Nature is replete with examples where individuals (or particles) following simple rules can lead to complex and beautiful overall patterns, often given a vague name of "emergent behaviour". Some examples include biological swarms (from bacterial aggregation to school of fish, murmuration of starlings...), Bose-Einstein Condensates at atomic level, autonomous robots, and many others. Amazingly, these complex and beautiful patterns are often the result of relatively simple physical or chemical laws at a microscopic level.

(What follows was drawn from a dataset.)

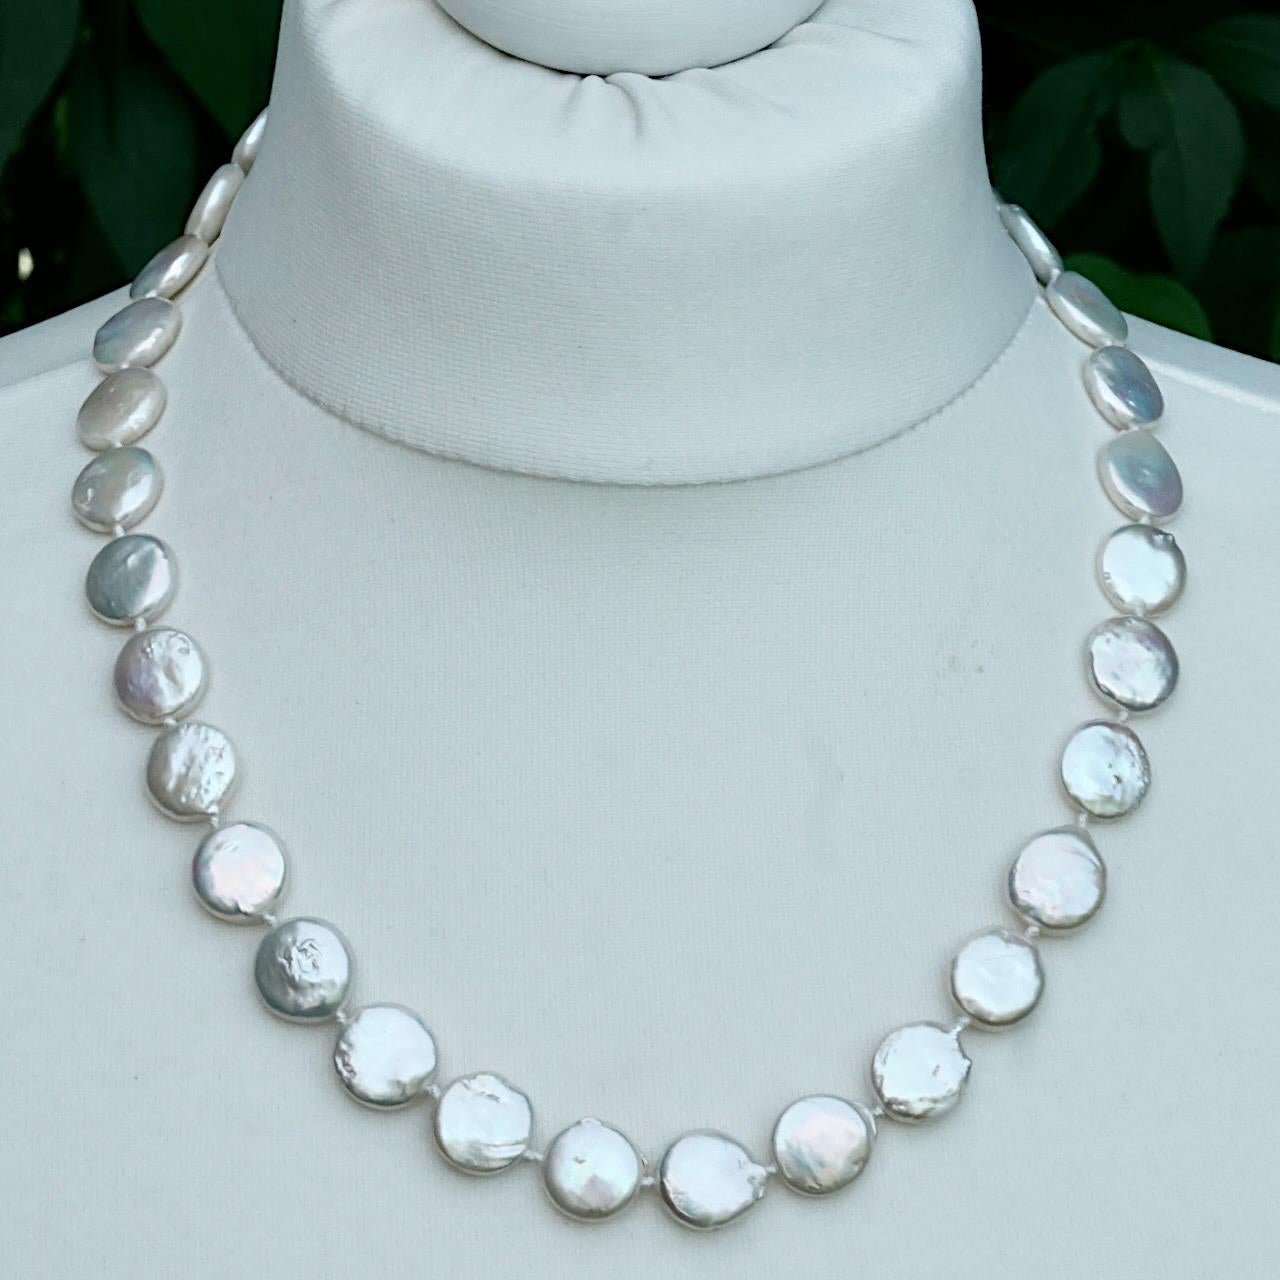 Freshwater Coin Pearl Knotted Necklace with an Iridescent Lustre In Good Condition For Sale In London, GB

Oftentimes, these patterns are self-assembled from constituent components that have a relatively simple description. The overall system behaviour results from complex nonlinear interactions of these individual components.******The goal of my research is to study the fundamentals of emergent behaviour, from microscopic rules to macroscopic emergence. This includes: understanding how to derive the macroscopic description from the rules at a microscopic level; developing new and extending existing models; applying and extending mathematical techniques and computer tools; collaborating with other scientists to apply these ideas to problems in mathematics, physics and biology. There is a very strong potential for cross-fertilization between the different disciplines. I bring a unique perspective to this field, with extensive expertise in both PDE methods (asymptotics, localized patterns...) as well as multi-particle dynamical systems. ******The main subtopics are (1) Emergent behaviour in the context of Partial Differential Equations; (2) Noise-driven particle models and their macroscopic limits; and (3) Applications to biology and autonomous systems.*****

自然界充满了这样的例子：遵循简单规则的个体（或粒子）可以导致复杂而美丽的整体模式，通常被赋予一个模糊的名称“涌现行为”。一些例子包括生物群（从细菌聚集到鱼群，椋鸟的低语...），原子水平的玻色-爱因斯坦凝聚，自主机器人，以及许多其他。令人惊讶的是，这些复杂而美丽的图案往往是微观层面上相对简单的物理或化学定律的结果。通常，这些模式是由描述相对简单的组成组件自组装而成的。整个系统的行为是由这些单独组件的复杂非线性相互作用引起的。**我的研究目标是研究涌现行为的基本原理，从微观规则到宏观涌现。这包括：理解如何从微观层次的规则中获得宏观描述;开发新的和扩展现有的模型;应用和扩展数学技术和计算机工具;与其他科学家合作，将这些想法应用于数学，物理和生物学问题。不同学科之间有很大的相互促进的潜力。我为这个领域带来了独特的视角，在PDE方法（渐近，局部模式......）方面拥有广泛的专业知识。以及多粒子动力学系统。** 主要副主题是（1）偏微分方程背景下的涌现行为;（2）噪声驱动的粒子模型及其宏观极限;（3）生物学和自治系统的应用。